Rigatoni. I always buy rigatoni. I pair it with that same Marcella Hazan butter-and-onion sauce, or just butter and cheese, fettuccine-style. [Marcella Hazan’s Essentials of Italian Cooking Bookshop, Amazon]
Kitchen tool worth having around all the time?
A food processor. I use it constantly, including for pasta dough. I don’t always mix by hand the old-fashioned way; I throw it in the food processor.
And a garlic press. I know some chefs are against them. I use mine all the time.
One big kitchen appliance splurge?
A bread maker. They were peak in the ‘90s and fell out of favor, but I love mine. I have the Zojirushi: really good quality, really good bread. Dump it in, two hours later you have a loaf.
Store-bought item you don’t apologize for?
Frozen vegetables. I always have bags of them in the freezer. And the taco seasoning packets. I know I could mix my own spices, but the little packets are easy.
Weeknight dinner everyone will eat without negotiation?
Minestrone soup, especially in cold weather. I make a vegetarian version so my husband can eat it too. It’s a use-up-whatever-vegetables-you-have meal: I throw in pasta, rice, barley, whatever I’ve got.
Thing you tell people they don’t have to make from scratch, even though Italian food culture says they should?
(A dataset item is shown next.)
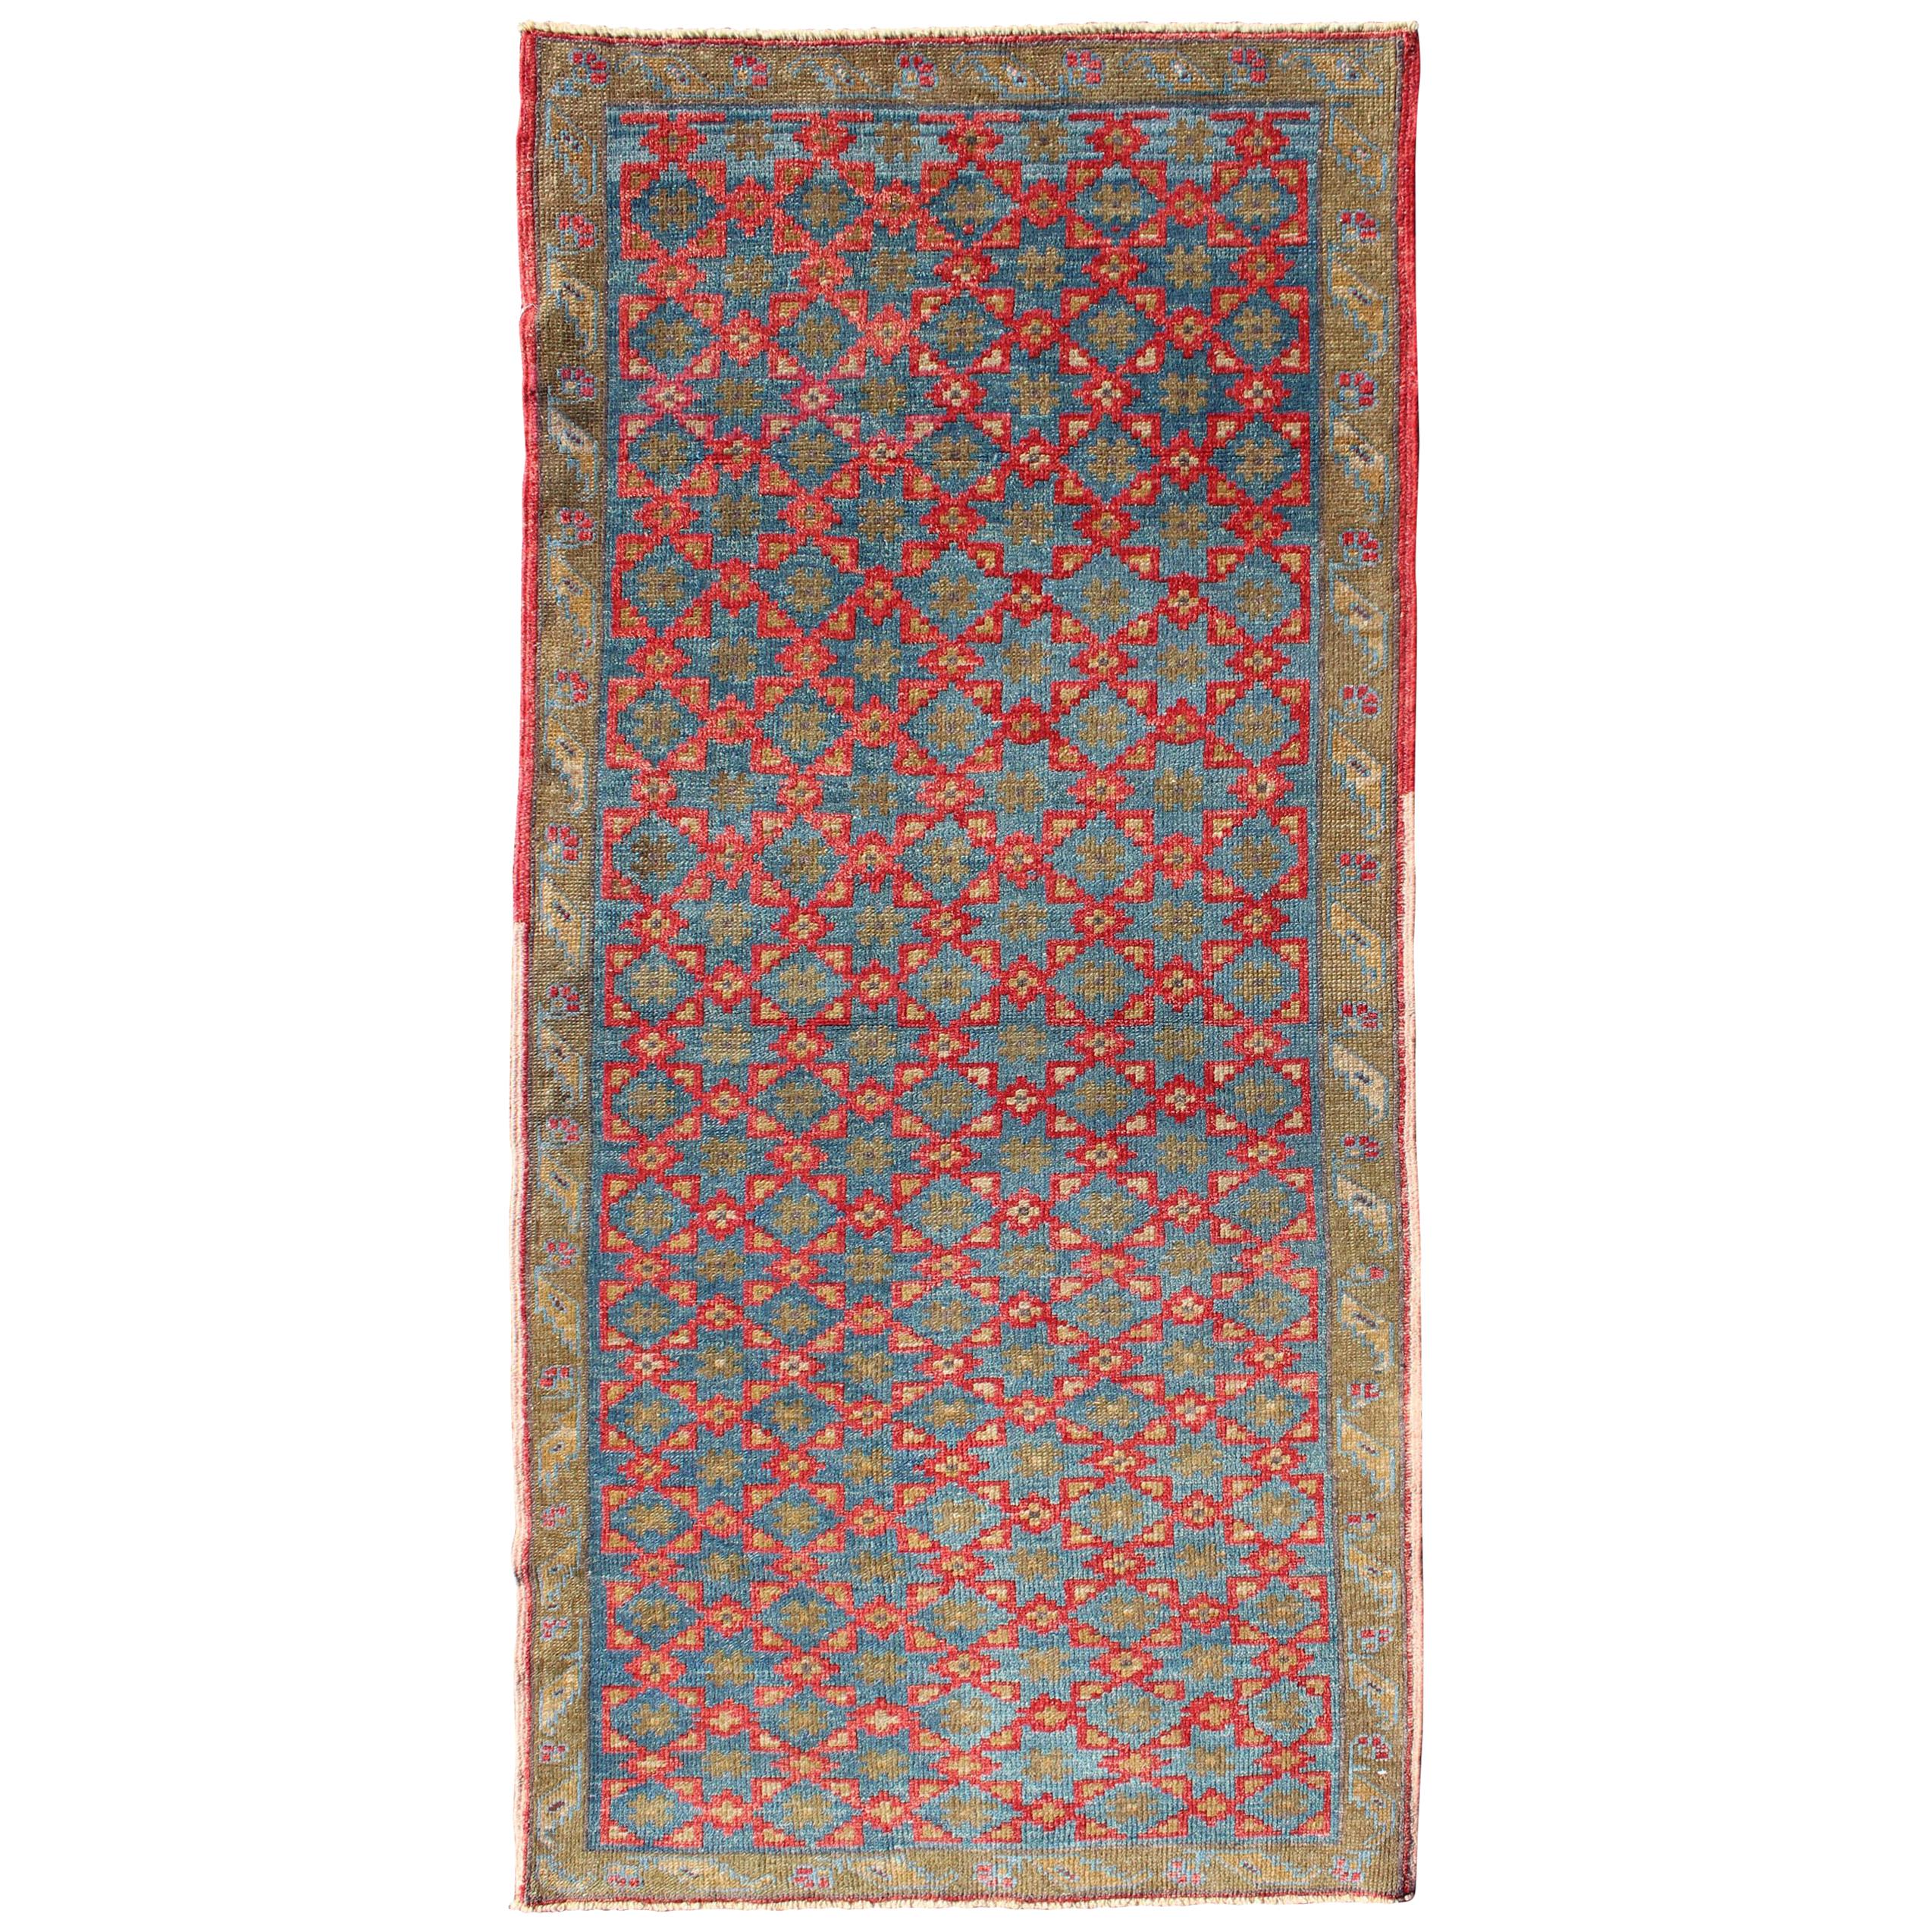 Turkish Konya Rug with All-Over Floral Lattice Design in Red, Blue, Olive Green For Sale

People will disagree with me on this, but I think it’s totally fine to use a jar of pasta sauce when you need something quick. A homemade tomato sauce is easy to make. But if you’re making lasagna, stuffed shells, anything with a lot of other components, just use a jar. It’s fine.
A favorite cookbook besides your own?
Mark Bittman’s How to Cook Everything Vegetarian [Bookshop, Amazon]. Marcella Hazan’s Essentials of Italian Cooking [Bookshop, Amazon]. Those big encyclopedia-style cookbooks where you can look up basically anything and it’s there.
For inspiration, I love Frankie Gaw’s First Generation: Recipes from My Taiwanese-American Home [Bookshop, Amazon]. Beautiful, creative, very personal.
When someone in your family is sick, sad, or had a hard day, what’s the comfort meal?
For everyone except my husband, chicken noodle soup. I make my own broth using a rotisserie chicken from the grocery store. Since the chicken is already cooked, you can get a really flavorful stock in a couple of hours of simmering. So much better than buying broth in a carton.
One thing you’d tell your 2020 self?
Just embrace it. I spent a lot of time then (and a few years after) being really nervous. Did I throw away my life as a lawyer? Am I going to fall on my face? Being a content creator is precarious in a lot of ways. You can be successful one day and flop the next. But I’d say: embrace whatever comes. It’s all part of the process.